How to use this package:

Three different modules. Each one perform a different step of the process. Look the different README to learn how to use it.

└── cunet
    ├── __init__.py
    ├── evaluation
    ├── preprocess
    └── train
  • Prepare the input data at: code/preprocess
└── preprocess
    ├── README.md
    ├── __init__.py
    ├── config.py
    ├── indexes.py
    └── spectrogram.py
  • Train a new model at: code/train
└── train
    ├── README.md
    ├── __init__.py
    ├── config.py
    ├── data_loader.py
    ├── main.py
    ├── models
    │   ├── FiLM_utils.py
    │   ├── __init__.py
    │   ├── control_models.py
    │   ├── cunet_model.py
    │   └── unet_model.py
    └── others
        ├── __init__.py
        ├── lock.py
        ├── utilities.py
        └── val_files.py
  • Evaluate a model at: code/evaluation

    └── evaluation
        ├── README.md
        ├── __init__.py
        ├── config.py
        └── results.py
    

Overview:

In this work we introduce a control mechanisms to the U-Net architecture.

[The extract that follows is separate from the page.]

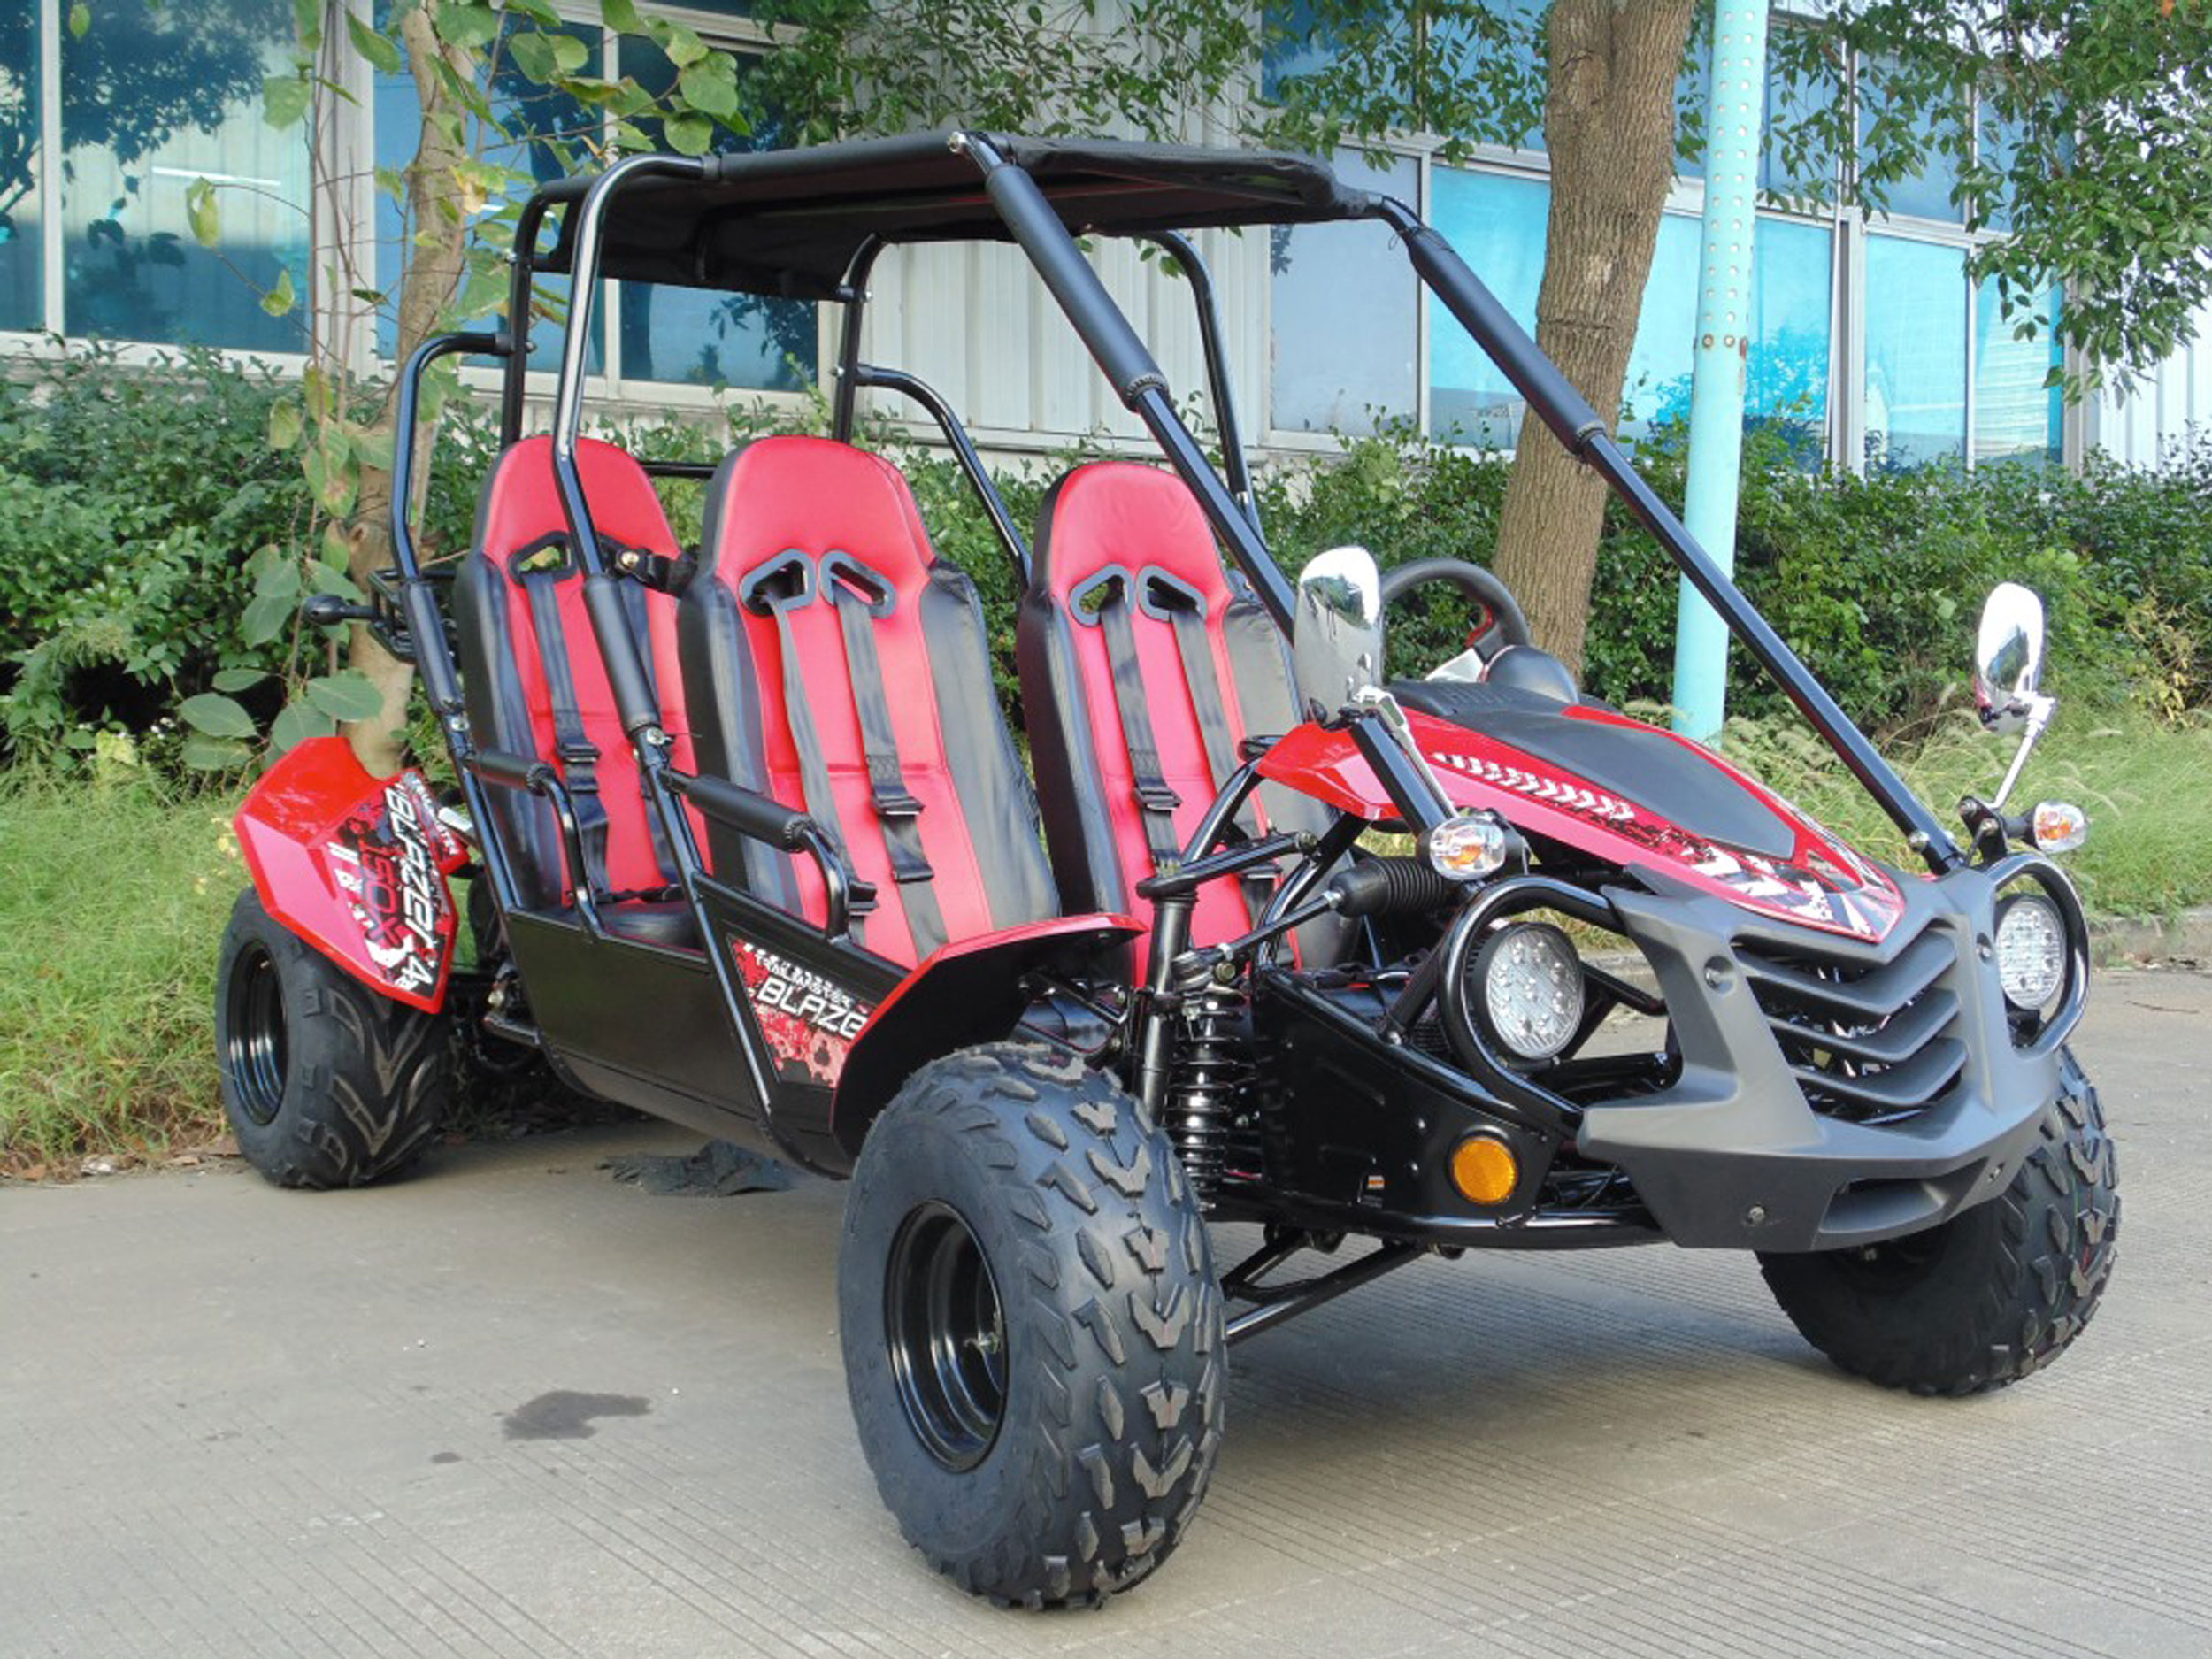 Trailmaster Blazer4 150 X (4-Seat Go Kart)

This control mechanism permits multiple instrument source separations with a single model without losing any performance.

It is motivated by the idea that we can process the same input differently depending of some external context.

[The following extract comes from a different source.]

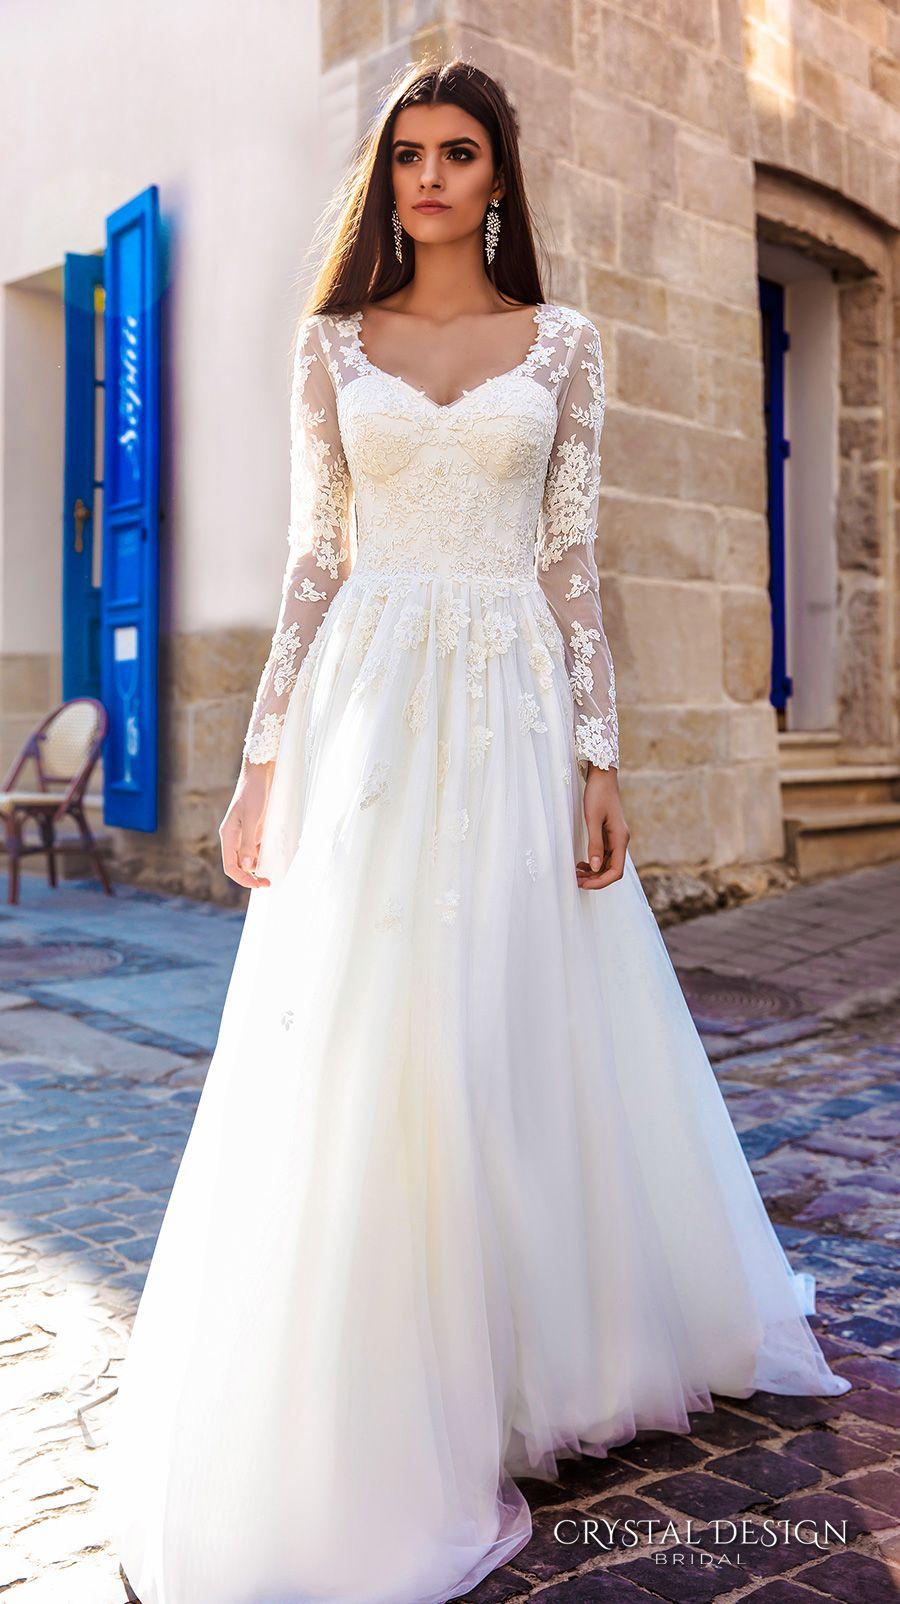 sheer top wedding dress Bridal

We have two main elements:

  • Generic model: not specialized in any particular task, but rather in finding a set of generic source separation tools.
  • Control: that defines how to combine the set of tools.

In our system, we just need to specify which instrument (or combination of instruments) we want to isolate. Then the control will tell to the generic model what to do in order to isolate the desired instrument(s). The key question is how to efficiently control the generic model. We do that using FiLM layers.

FiLM layers:

FiLM permits to modulate any neural network architecture inserting one or several FiLM layers at any depth of the original model [1]:

x is the input of the FiLM layer and gamma and beta the learnable parameters that scale and shift x based on an external information, z.

The original FiLM computes a different operation per features map, and we propose a new layer that performs the same affine operation to the whole input.

Our architecture:

Overview of the system.

Generic model

The generic model is a U-Net[2] and it has to main part:

  • The decoder codifies and highlights the relevant information to separate a particular instrument creating a latent space.
  • The encoder transforms the latent space back to audio signal.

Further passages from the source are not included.